To be fair, these lies aren’t new, even the crazy ones. We’ve heard Republican Rep. Marjorie Taylor Greene blame wildfires on what others have derisively dubbed “Jewish space lasers” and seen rumors about them being intentionally set by anti-fascist activists. During the racial justice protests of 2020, there was fear of “outside agitators” infiltrating at least one city as hurricane evacuees. Some of the very same conspiracy theories we’re hearing about Helene and Milton appear to have been recycled from the 2023 Maui wildfire.
This is where climate denial has led us: confusion and uncertainty, fear and anger. It’s the perfect storm for disinformation to take root. We have a whole swath of the country that has been told for decades that climate change isn’t real and it’s a hoax.
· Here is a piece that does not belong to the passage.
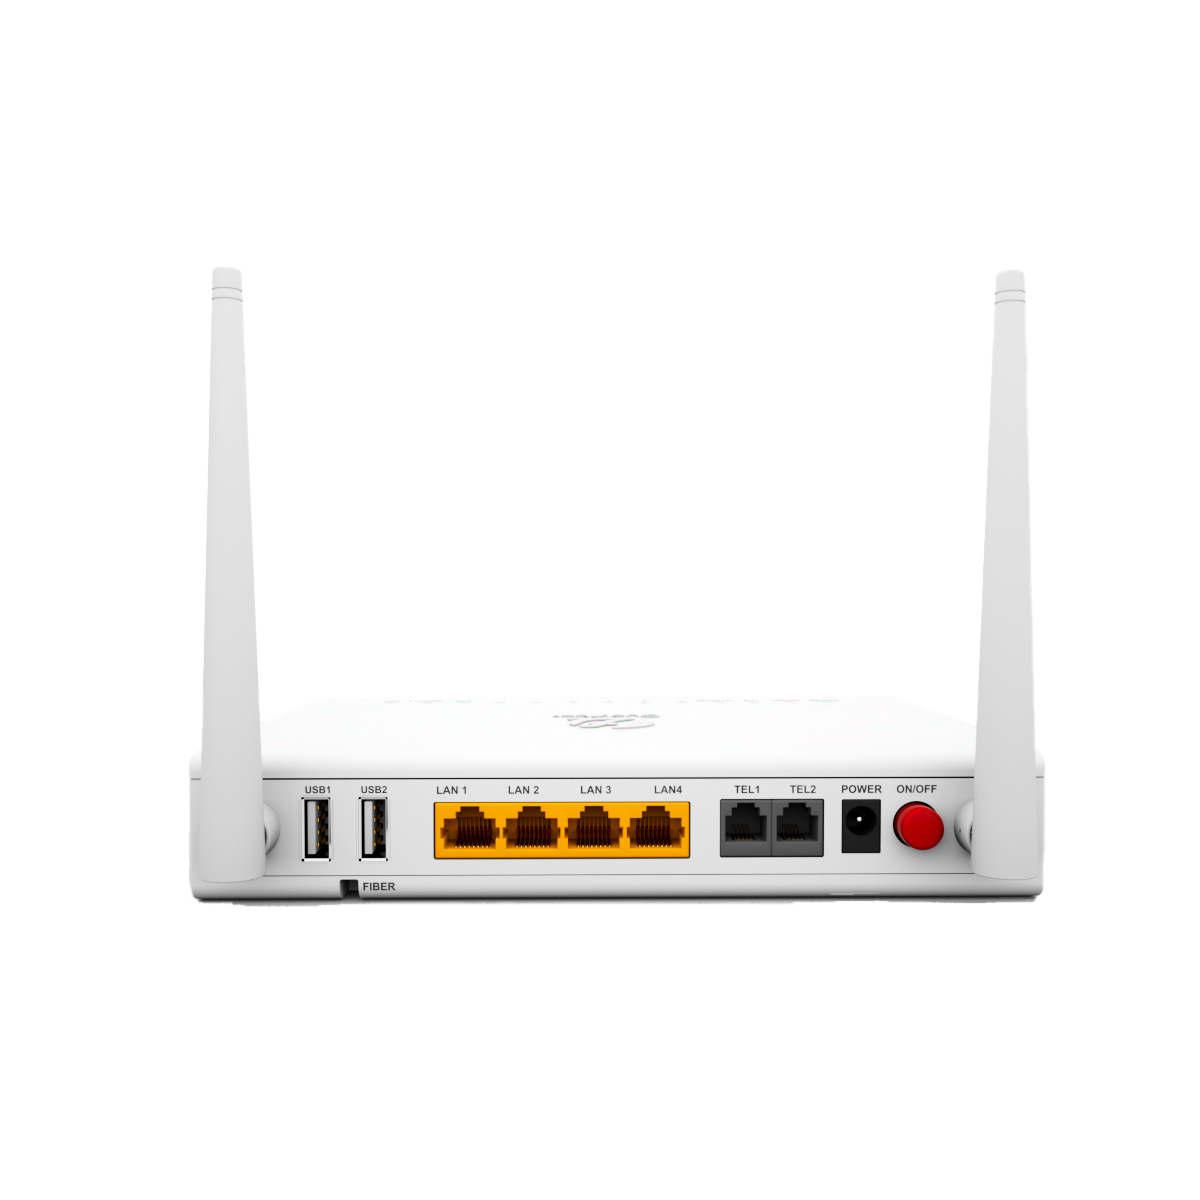 XGPON Wi-Fi 6 ONU Series

Now these same people are asking themselves why are these storms happening. Why are they getting worse? Why are they happening in these specific places?
And that brings me to the most frustrating thing about all of this: They’re so close. Going back to the conspiracy theory from my friend’s plane ride, I’d argue that there actually is a US government-backed genocide happening right now, it’s just in Palestine and not North Carolina. (And the International Court of Justice would agree with me.) But, moreover, climate change is the result of a massive conspiracy, full of cover-ups and collusion. Don’t believe the hype about “government inaction.” The government has been an extremely active player in the creation of this crisis, pouring gallons and gallons of fossil fuel on the fire. And climate change is genocidal, even ecocidal.
So why are folks running to invent new conspiracy theories when the real, undeniable conspiracy is right there? Because for them to change their mind would be to lose a very real part of their identity and, perhaps, to have to consider the possibility that some of their other beliefs may not be real either. And that might mean they need to find new communities or even new families. Changing your mind about something as colossal as the ground you live on and the air you breathe is not unlike coming out of a cult.
But we don’t treat people that way. We treat them like doofuses who fell for an obvious lie. Ultimately, who does that serve? Perhaps it’s time we start treating these people as what they are: victims of a manipulative, deliberate lie. And then turn our attention back toward the people who lied to them.